Glucagon-like peptides are co-released from enteroendocrine L cells in the gut and preproglucagon (PPG) neurons in the brainstem. PPG-derived GLP-1/2 are probably key neuroendocrine signals for the control of energy balance and glucose homeostasis. The objective of this study was to determine whether activation of PPG neurons per se modulates glucose homeostasis and insulin sensitivity in vivo. We generated glucagon (Gcg) promoter-driven Cre transgenic mice and injected excitatory hM3Dq-mCherry AAV into their brainstem NTS. We characterized the metabolic impact of PPG neuron activation on glucose homeostasis and insulin sensitivity using stable isotopic tracers coupled with hyperinsulinemic euglycemic clamp.
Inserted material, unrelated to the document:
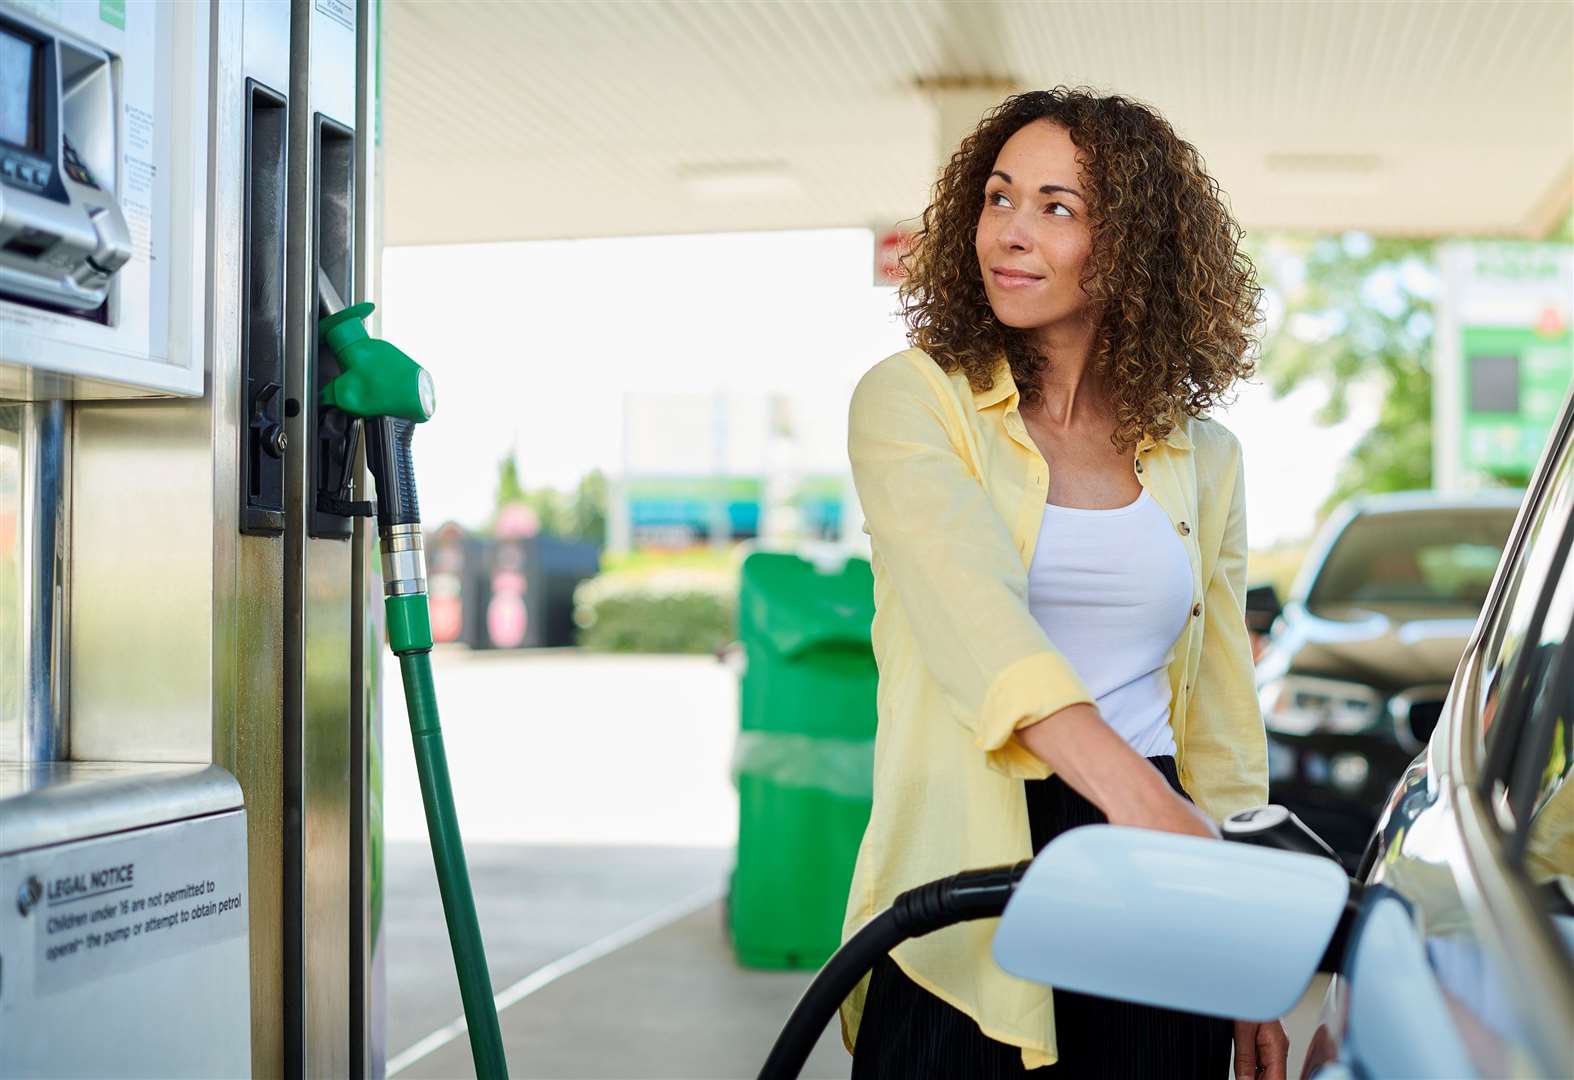 Motoring groups fear petrol could soon hit 150p a litre. Image: iStock.

We showed that after ip injection of clozapine N-oxide, Gcg-Cre lean mice transduced with hM3Dq in the brainstem NTS downregulated basal endogenous glucose production and enhanced glucose tolerance following ip glucose tolerance test. Moreover, acute activation of PPG neurons NTS enhanced whole-body insulin sensitivity as indicated by increased glucose infusion rate as well as augmented insulin-suppression of endogenous glucose production and gluconeogenesis. In contrast, insulin-stimulation of glucose disposal was not altered significantly. We conclude that acute activation of PPG neurons in the brainstem reduces basal glucose production, enhances intraperitoneal glucose tolerance, and augments hepatic insulin sensitivity, suggesting an important physiological role of PPG neurons-mediated circuitry in promoting glycemic control and insulin sensitivity. Copyright © 2017 The Authors. Published by Elsevier GmbH.. All rights reserved.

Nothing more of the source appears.